Analyse what words are in the book “The Adventures of Sherlock Holmes”.
https://sherlock-holm.es/ascii/
Sample text in story “A Scandal in Bohemia”"
Chapter I
To Sherlock Holmes she is always the woman. I have seldom heard him
mention her under any other name. In his eyes she eclipses and
predominates the whole of her sex. It was not that he felt any
emotion akin to love for Irene Adler. All emotions, and that one
particularly, were abhorrent to his cold, precise but admirably
balanced mind. He was, I take it, the most perfect reasoning and
observing machine that the world has seen, but as a lover he would
have placed himself in a false position. He never spoke of the softer
passions, save with a gibe and a sneer......
Book Index:
The Adventures of Sherlock Holmes
A Scandal in Bohemia 51 kB The Red-Headed League 54 kB A Case of Identity 42 kB The Boscombe Valley Mystery 56 kB The Five Orange Pips 43 kB The Man with the Twisted Lip 54 kB The Adventure of the Blue Carbuncle 46 kB The Adventure of the Speckled Band 58 kB The Adventure of the Engineer’s Thumb 49 kB The Adventure of the Noble Bachelor 49 kB The Adventure of the Beryl Coronet 56 kB The Adventure of the Copper Beeches 58 kB
filename.A_Scandal_in_Bohemia <- "TheAdventuresOfSherlockHolmes\\scan.txt"
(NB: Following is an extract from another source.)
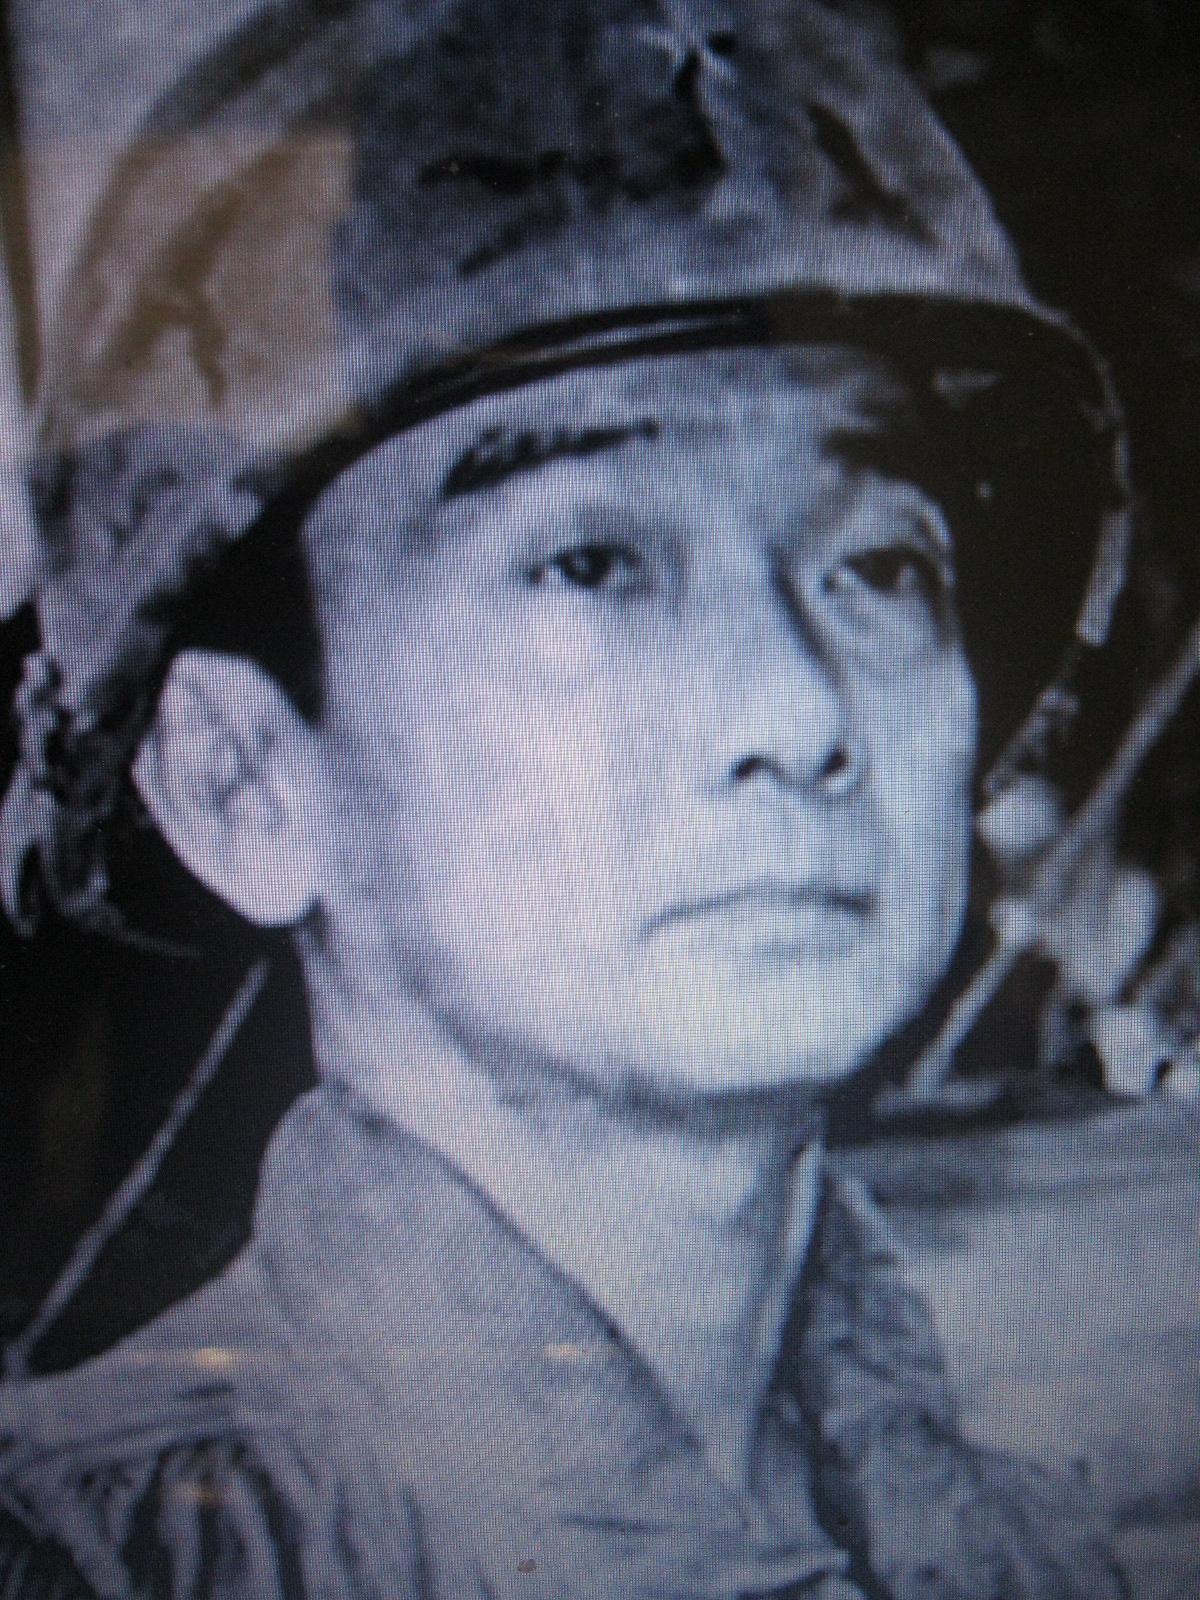 Danh Tướng Phạm Văn Phú

filename.The_Red_Headed_League <- "TheAdventuresOfSherlockHolmes\\redh.txt"
filename.A_Case_of_Identity <- "TheAdventuresOfSherlockHolmes\\iden.txt"
filename.The_Boscombe_Valley_Mystery <- "TheAdventuresOfSherlockHolmes\\bosc.txt"
filename.The_Five_Orange_Pips <- "TheAdventuresOfSherlockHolmes\\five.txt"
filename.The_Man_with_the_Twisted_Lip <- "TheAdventuresOfSherlockHolmes\\twis.txt"
filename.The_Adventure_of_the_Blue_Carbuncle <- "TheAdventuresOfSherlockHolmes\\blue.txt"
filename.The_Adventure_of_the_Speckled_Band <- "TheAdventuresOfSherlockHolmes\\spec.txt"
filename.The_Adventure_of_the_Engineers_Thumb <- "TheAdventuresOfSherlockHolmes\\engr.txt"
filename.The_Adventure_of_the_Noble_Bachelor <- "TheAdventuresOfSherlockHolmes\\nobl.txt"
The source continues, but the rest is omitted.